= Revolutionary generation =

A revolutionary generation is a generation of people for whom a revolution was a major event or influence in their lives. Such revolutions are usually associated with particular nations. The children of this generation are called the children of the revolution.

==Americas==

===Cuba===
The revolutionaries of 1959 in Cuba were known as the Generation of the Centenary after the 100 year anniversary of the birth of José Martí in 1853.

===United States===
Evarts Boutell Greene dated the generation of the American Revolution as being from 1763 to 1790.

==Asia==

===China===
The first political generation of leaders in the People's Republic of China are part of the revolutionary generation in China, such as Mao Zedong, Zhu De and Zhou Enlai,

===Israel===
The Second Aliyah generation was arguably the most important and influential aliyah.

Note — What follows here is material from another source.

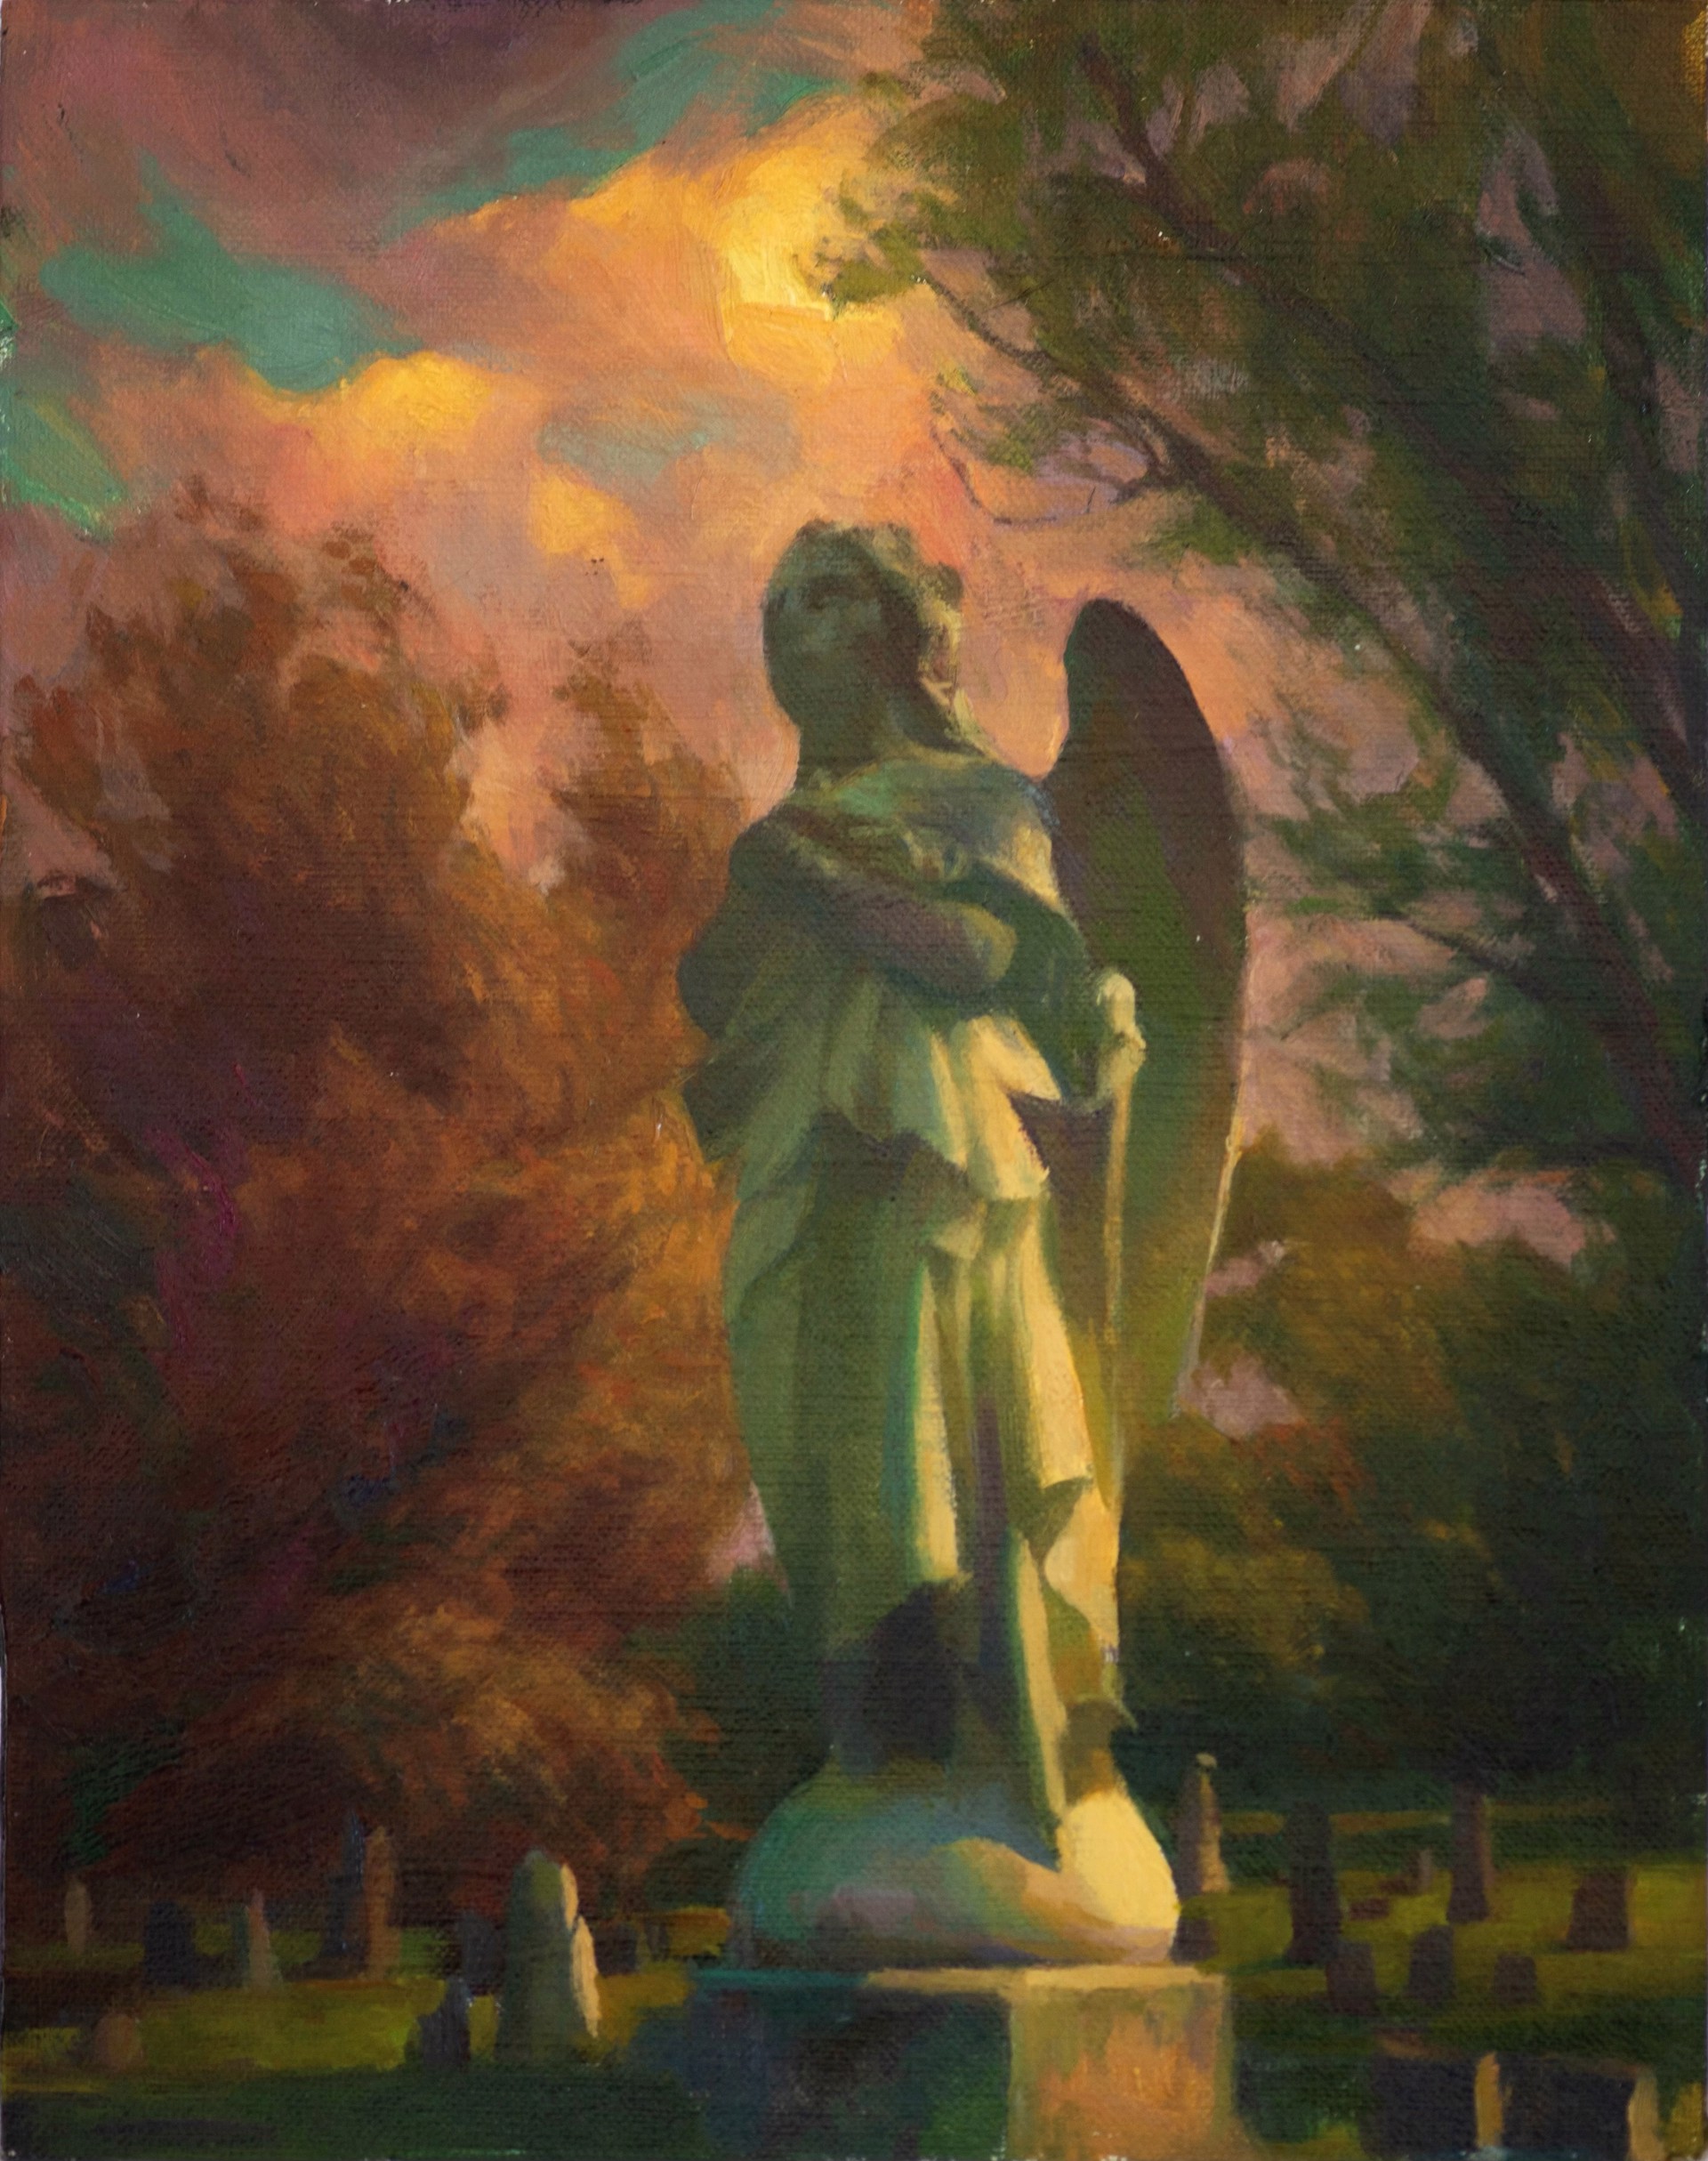 Allegheny Cemetery by Adrienne Stein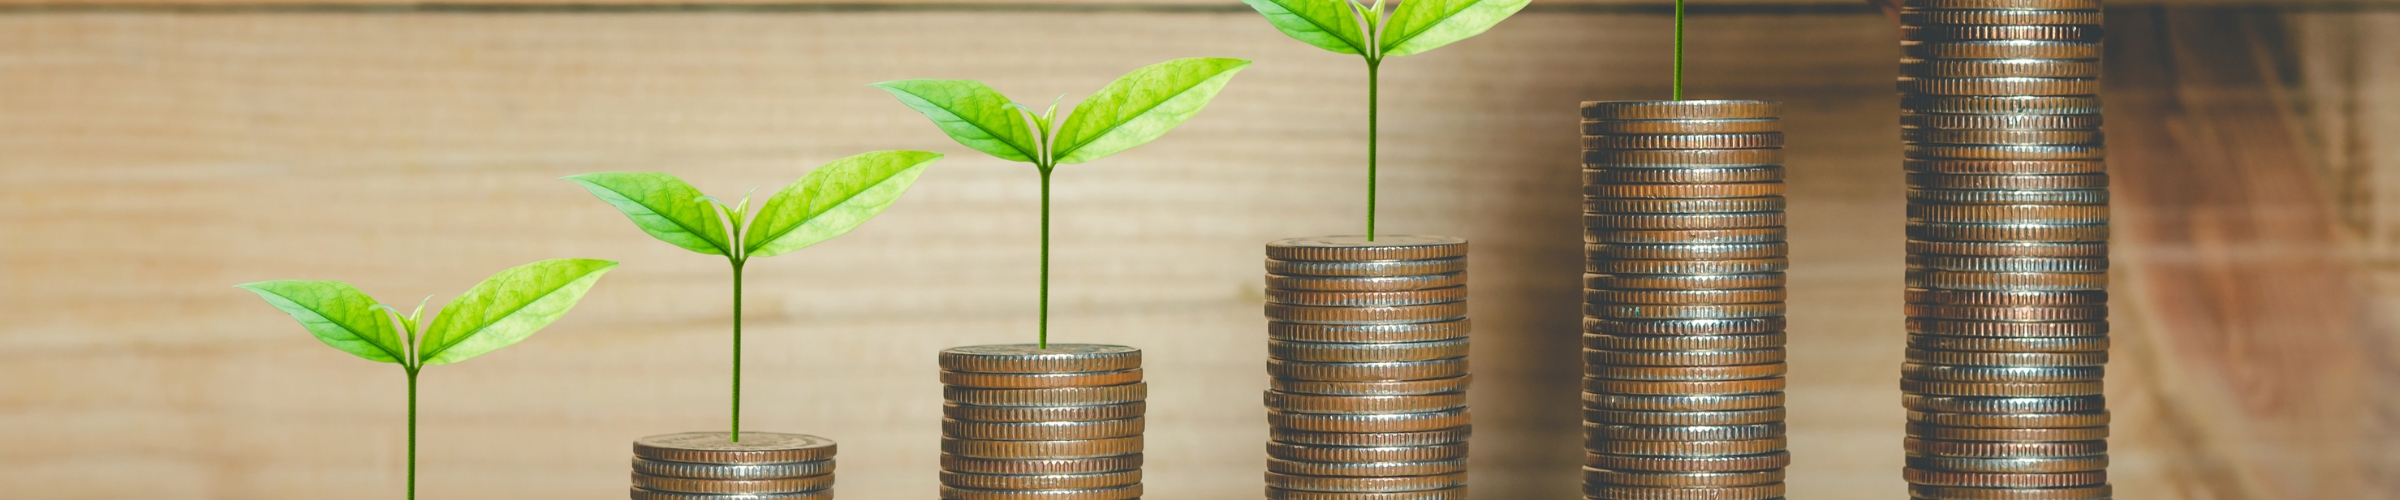 Fonds ESG - Intégrez vos valeurs dans vos décisions d'investissement 2

It took place between 1904 and 1914, during which approximately 40,000 Jews immigrated into Ottoman Palestine, mostly from Russia and Poland, some from Yemen. They were the generation that created the social, political and cultural foundations of the State of Israel.

==Europe==

===France===
The Université state education system established by Napoleon created a post-revolutionary generation in France.

===Germany===
The 1840s were a decisive decade which culminated in the Revolutions of 1848 which defined a generation of Germans.

===Romania===
In Romania, people who were born in 1989 are called the Revolution Generation , in reference to the Romanian Revolution of 1989 that ended the brutal Communist regime of Nicolae Ceaușescu and brought democracy and rule of law to Romania.

===Yugoslavia===
The generation that came of age during or immediately after World War II and subsequent rise of communism. It is a generation marked by greater social mobility in comparison to previous period of Kingdom of Yugoslavia, which permitted the large section of population to obtain education. It was also marked by rapid urbanization and industrialization of the country, with a big population shift from rural to urban areas.